27 June 2020

Shake It Off—Move On!

Two years ago, I participated in the Rapido! Contest, a biennial event sponsored by the Atlanta Chamber Players.  In brief, the idea is that the participating composers have two weeks to write a piece. Not all contestants win, and I was one of the non-winners. I've made note of this already, so I am not writing to complain, today. One of the specs for the entry that cycle was, music related to dance, so I wrote a set of two:  Dances of Exhilaration and Nonchalance . . . consisting of Revere’s Midnight Reel (War Dance) and the Boston Harbor Heave-Ho (Tea Party Dance)
One reason not to complain about not having won is, I am pleased with what I wrote; indeed, I arranged the latter for “my band”

Was my piece perhaps too “retro” for the judges?  No matter.

If at first, you do not succeed . . . so I enrolled for this year’s Rapido! cycle.
As a rule (under normal circs) writing a piece of the scale required in that time-frame is a task I do not find unduly trying.

The difference, this year, is that I am in therapy, recovering from my stroke.  So I undertook the challenge, on the understanding (which operates for me, but which will be irrelevant to the judging process, of course) that I would pace my efforts, and not overwork in order to write the piece.

So, I got a good night’s rest Sunday, 30 May.  The e-mail with the specs came in at 9am Monday, 1 June.  The requested scoring is right up my street. And as the piece needs to be 4-6 minutes in duration, I figured I could compose 30 seconds of music per day, and have lots of wiggle room.  By the time  I set myself to a relaxing Tuesday evening of watching James Bond, I had written 60 seconds of my piece, and I was quite pleased with the start I had made.

Although I rested well Tuesday night, on Wednesday morning I felt tired.  when I have talked with my Occupational Therapist about the question of my returning to work, I had to report that, while my stamina is generally good (I certainly have steam enough for a walk around the pond, generally 50 minutes) I find that my body requires a nap at periods too frequent for me to consider resuming a spot back in The Workplace.  The brain's efforts to re-map the neural connections are indeed an expenditure of energy; and I am diligent in my therapy “homework.”  And my weekly P.T. sessions, whose activity sends a great deal of input to my brain, typically require a couple of days to “recover.”

So, Wednesday morning, my feeling was, that not only would I not compose that day, but that I should simply rest, and leave off any thought of composing until I felt completely recharged.  I understood right away that this threw my “plan” off the rails, but I was morally prepared to abandon the contest, if I did not feel up to the work: there will be other opportunities.
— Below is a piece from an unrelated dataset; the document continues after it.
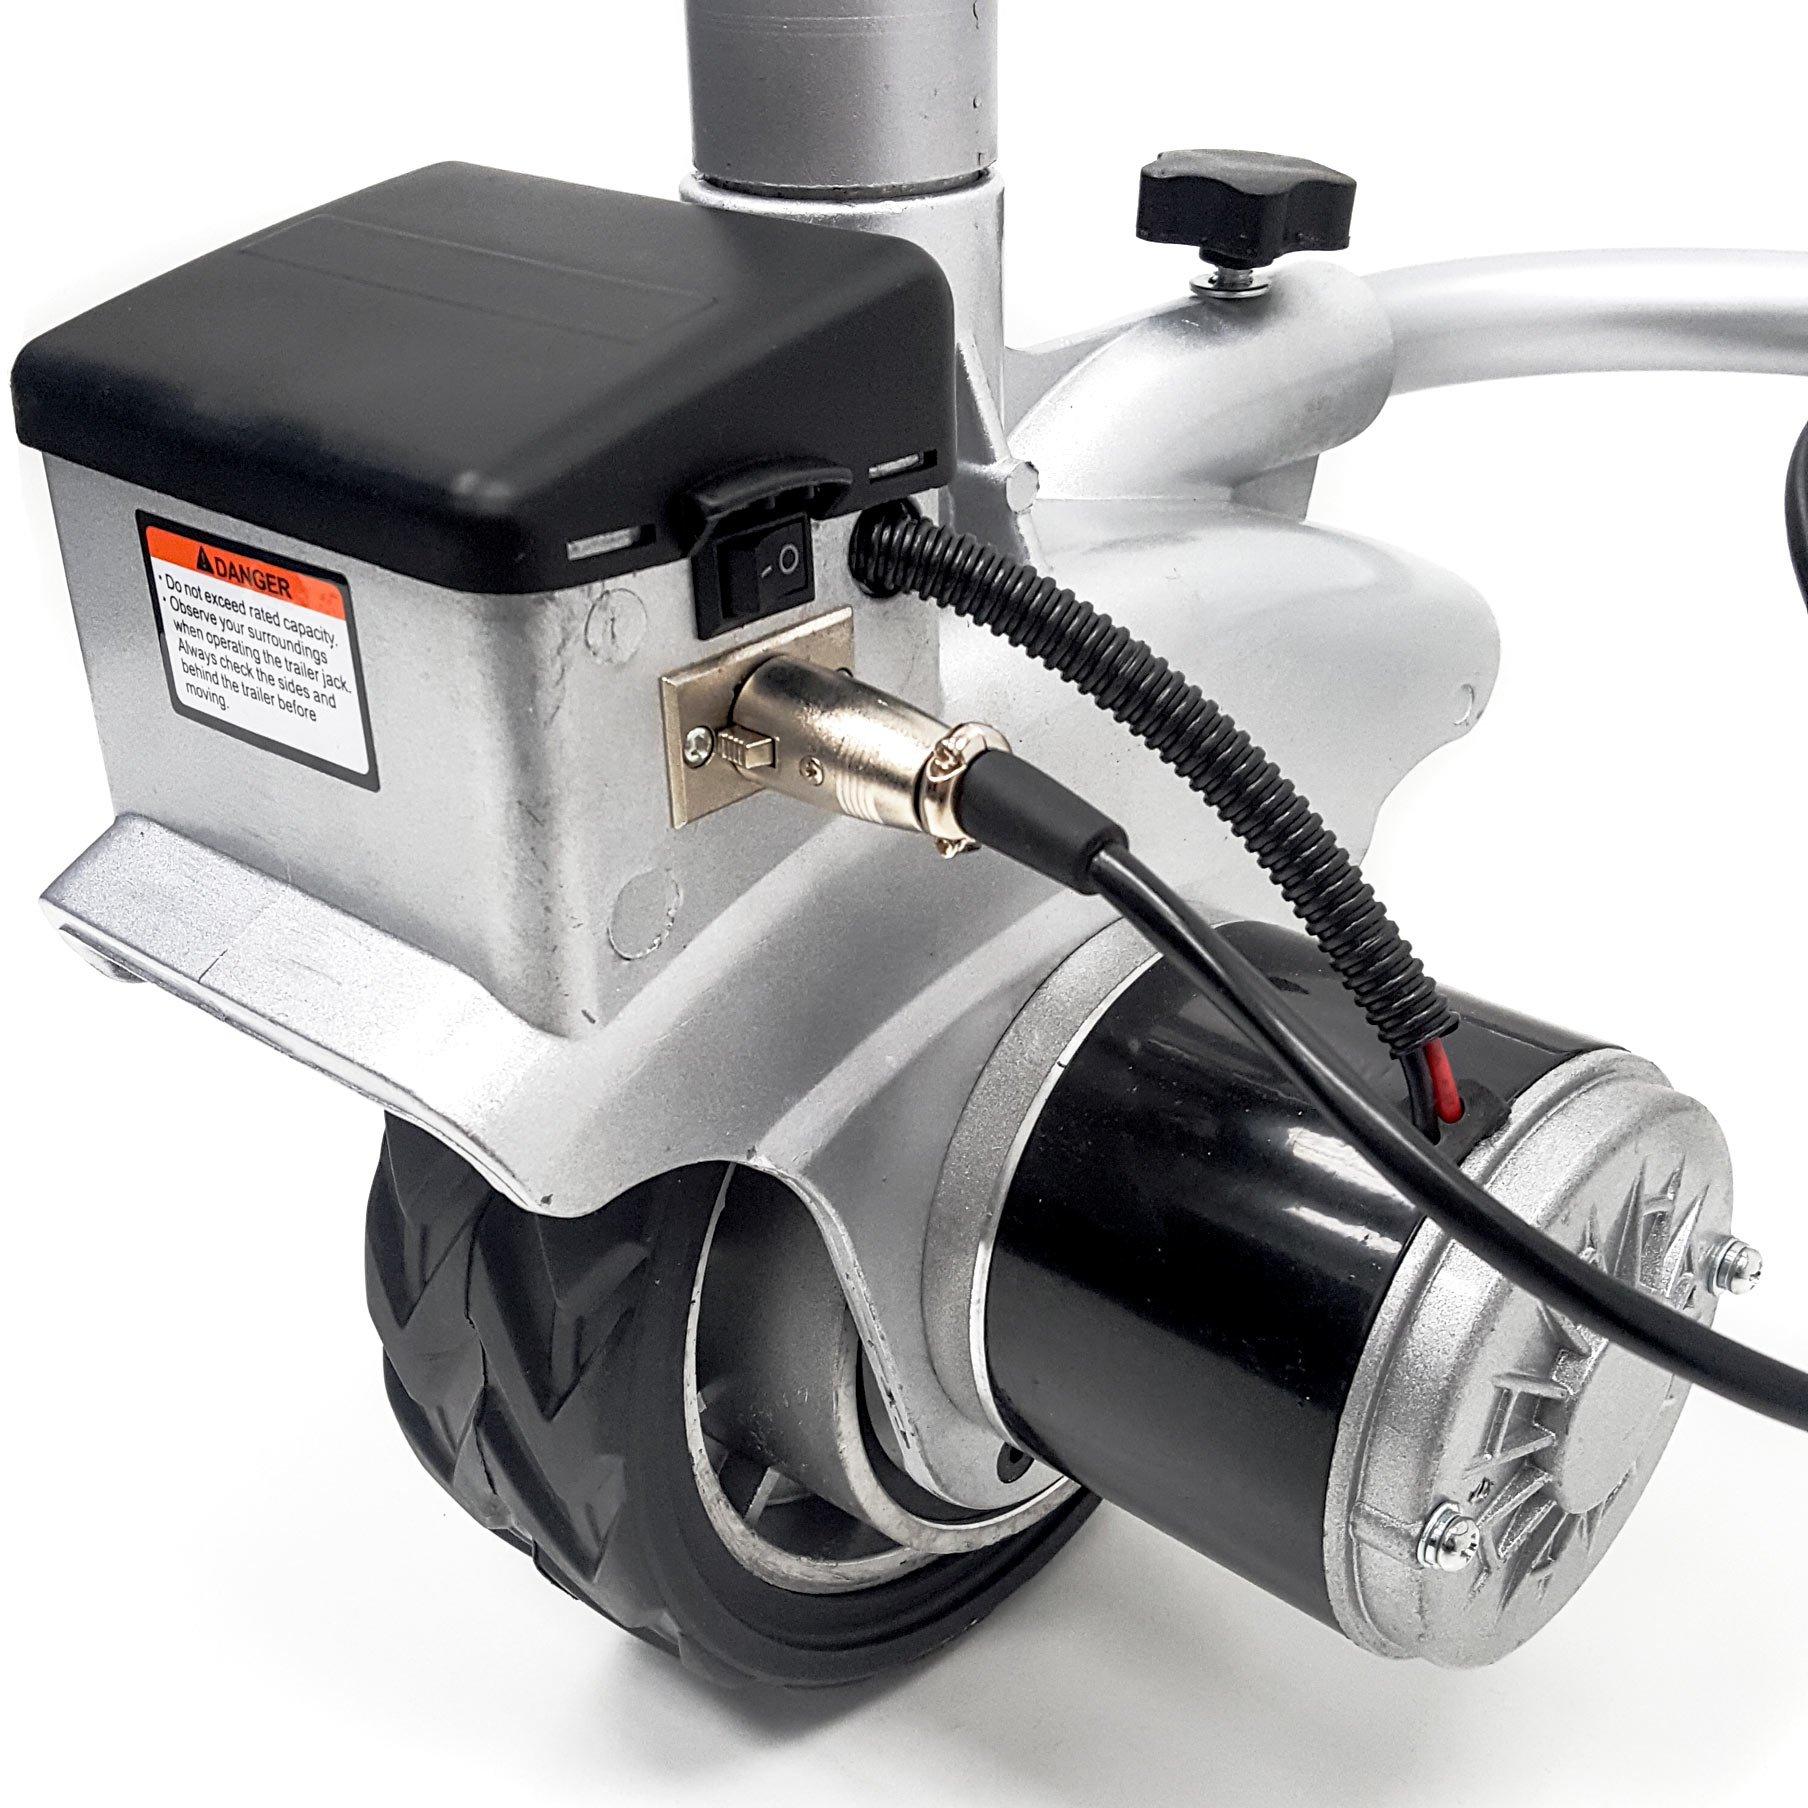 Biltek 12V Electric Mini Mover Jockey Wheel Caravan Boat Trailer Camper w/ Lock and Key + KMG Battery Included by Biltek (Image #7)

Days of rest (for which my body was grateful, went by.  At last, on Sunday (the seventh day of the contest, and thus the half-way point of the contest period) I felt myself again, and thought I might resume composing.  I trimmed my scheme for the piece, so that, with a stricter rest regimen, the project would be achievable, and I opened up the Sibelius file for the first time since downing tools.  What I found was that, although I had felt that those first two days’ work had been good, I had messed up the cello line with an errant mouse-click.  This was, is if anything, confirmation that I was too tired towards the end of that work period.  The fact is, too, that even under good conditions, I sometimes make such a mistake, so it was not anything to impute to (say) my still-compromised left hand.

Well, that discovery, and dismay at the prospect of recovering the material, came close to convincing me to throw in the towel.  However, I thought to pour out my tale to fellow composer Mark Gresham, who had originally informed me of the contest. He reminded me that Sibelius auto-saves backup files (something, admittedly, which I ought to have known) So, on the early side of that Sunday evening (I think it was) I went back into Sibelius, and managed shortly to set my score to rights again.  And I shut down the computer and got a good night’s rest.

Quite probably buoyed by the successful restoration, I awoke fresh and ready on Monday morning.  All through the week, I remained true to keeping the work periods brief, and getting ample rest.

I did, indeed, finish the piece, both to my entire musical satisfaction, and in time for the deadline.

And, Gentle Reader, since anonymity is one of the conditions of the contest, that is all I shall say, until I know the result.

All I shall add is, whether or not I succeed in this contest, my piece will be heard. That is a promise.